A handful of old college friends reunite for a wedding held at the groom’s family estate. During the reception, one of the friends (Victor) wanders to the master bedroom of the groom’s mother, and passes out on her bed. When she wakes him up, she shows him a locked compartment in her dresser where she keeps her jewelry and a sketch of an 114 carat necklace found in Nazi occupied France. Victor secretly steals the sketch, and tries to track down the necklace lost during the war. Meanwhile, two of his friends (Kezia and Nathaniel) begin to worry about Victor, who is acting oddly. The three of them end up in France, chasing down a necklace that may exist only fictionally.
Anyone else watching the Netlix show Friends from College? This book reminded me a lot of that show. Granted, this novel and the Netflix show are different stories. However, they both center around a group of friends who met in college, who years later are still trying to make sense of their messy lives. In both cases the characters are self-absorbed, self-pitying, and immature. Additionally, both stories attempt to balance the childishness of the characters with an overarching air of dry comedy. They are unceasingly droll. One pulls it off better than the other. The Netflix show boasts a stellar cast (Keegan Michael Key, Fred Savage, Jae Suh Park, Billy Eichner, Nat Faxon, just to name a few of my favorites) that give life to an otherwise tired narrative. I may have enjoyed The Clasp more if it were a TV show with an all-star comedic cast.
In print, this novel just didn’t do it for me. I was annoyed by the characters. They were one-dimensional. Nathaniel is a womanizer whose heart is literally too small; he has a physical and emotional heart condition. With a misplaced sense of superiority, Victor disdainfully scoffs at everyone and everything, but himself never contributes anything of value to the world. Kezia has a more-than-plutonic, less-than-romantic, relationship with both Victor and Nathaniel. She’s in a job she doesn’t really like, chasing boys she doesn’t seem to like. She’s not very interesting. None of them are especially interesting.
I’ve grown tired of stories about full-grown adults dissatisfied with their perfectly decent lives. There is no real plight in these stories. The characters are steeped in discontent, apathetically capitulating to personal growth, if they grow at all. There are so many more interesting stories in the world, about characters who give a damn.
It’s not all bad. There is an observational wit throughout that I appreciated. For example, when one of the characters lands in Florida to attend the wedding, Crosley writes:
“He was dubious of his environs. Florida – rather, the stretch of it he had witnessed from the airport: causeways and condominiums, Sunrise Liquor and Sunset Dental, bank branches surrounded by menacing palmetto plants – was trying to trick him into thinking it was a real place”.
I’ve been to Florida in all its surreal glory. If you ask me, that’s a pretty spot-on description. Much later in the story, the character, Nathaniel, observes the differences between L.A. and Paris:
“If Los Angeles, with its youthful obsessions, made life feel like death, then Paris made death feel like life”.

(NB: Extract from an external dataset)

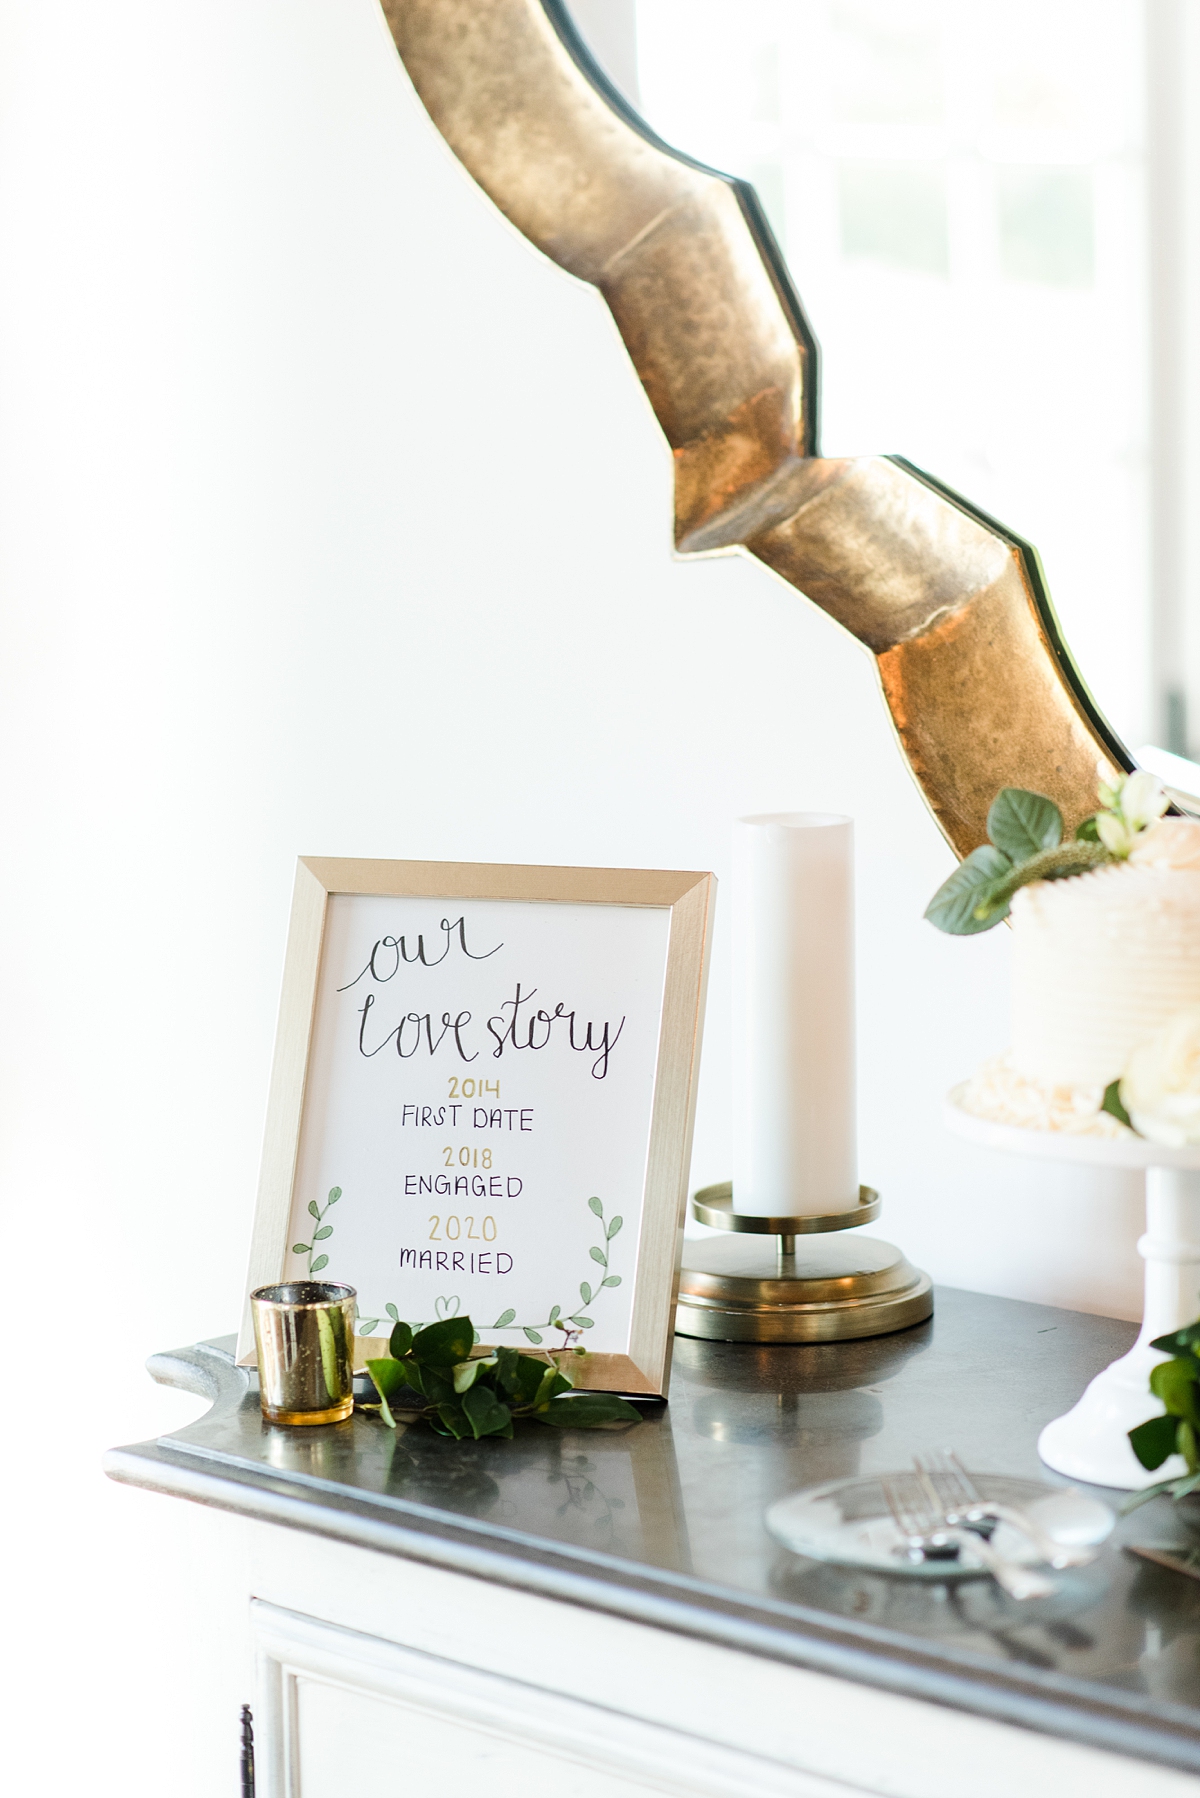 Love Story Cake Table Sign at Burlington Fall Wedding Reception. Wedding Photography by Virginia Wedding Photographer Kailey Brianne Photography. 
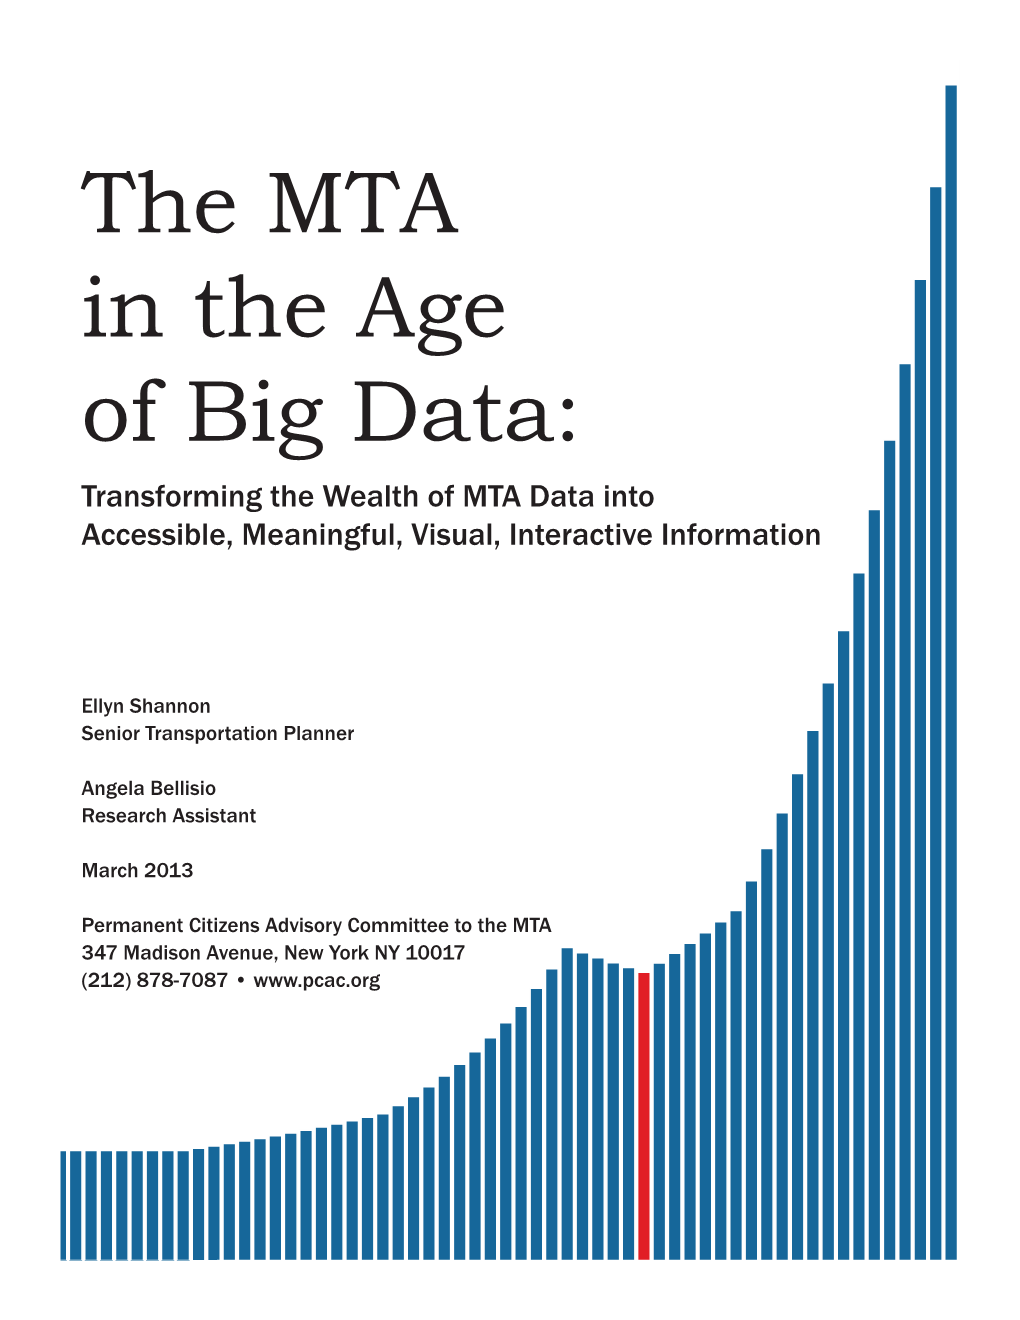 The MTA in the Age of Big Data: Transforming the Wealth of MTA Data Into Accessible, Meaningful, Visual, Interactive Information

These little witticisms kept me reading. I wanted to like the book, as much as I suspect I might like the author. Crosley is adept at describing places with punchline-y pith.
The book also picked up a bit towards the end. When the characters end up in France, a little more action kicks in, and propels the story forward. Arguably, the characters undergo a modicum of personal growth before the book concludes. I still found them tedious, but less so than in the beginning.
Reviews are a curious business. They are subjective; hopefully (but not necessarily) educated opinions. I try to remain somewhat objective when writing reviews – providing supporting arguments, based on the text in question, to back up my assessment of a book. I want every book to get a fighting chance at finding its audience. While reading this book, and especially while writing this review, I wondered – did I read impartially?
It’s well-known among readers that after a love affair with one book, it’s quite challenging to derive satisfaction from a new book. Rebound books are needed. The last book I read made me indelibly happy. Perhaps I needed a little time before picking up my next book. Likewise, did I compare this book too closely to the aforementioned Netflix show? Did my feelings about The Clasp suffer from my comparison to a show with a slightly similar premise? I don’t know.
I can offer only this – in all likelihood my enjoyment of this book was partially inhibited by external factors. However, I stand by my assessment that immature, discontent, adult characters halfheartedly “finding themselves” is a tiresome recurrence in literature. Crosley is a skilled writer. Personally, I connected more with her narrative tone than I did with the story itself.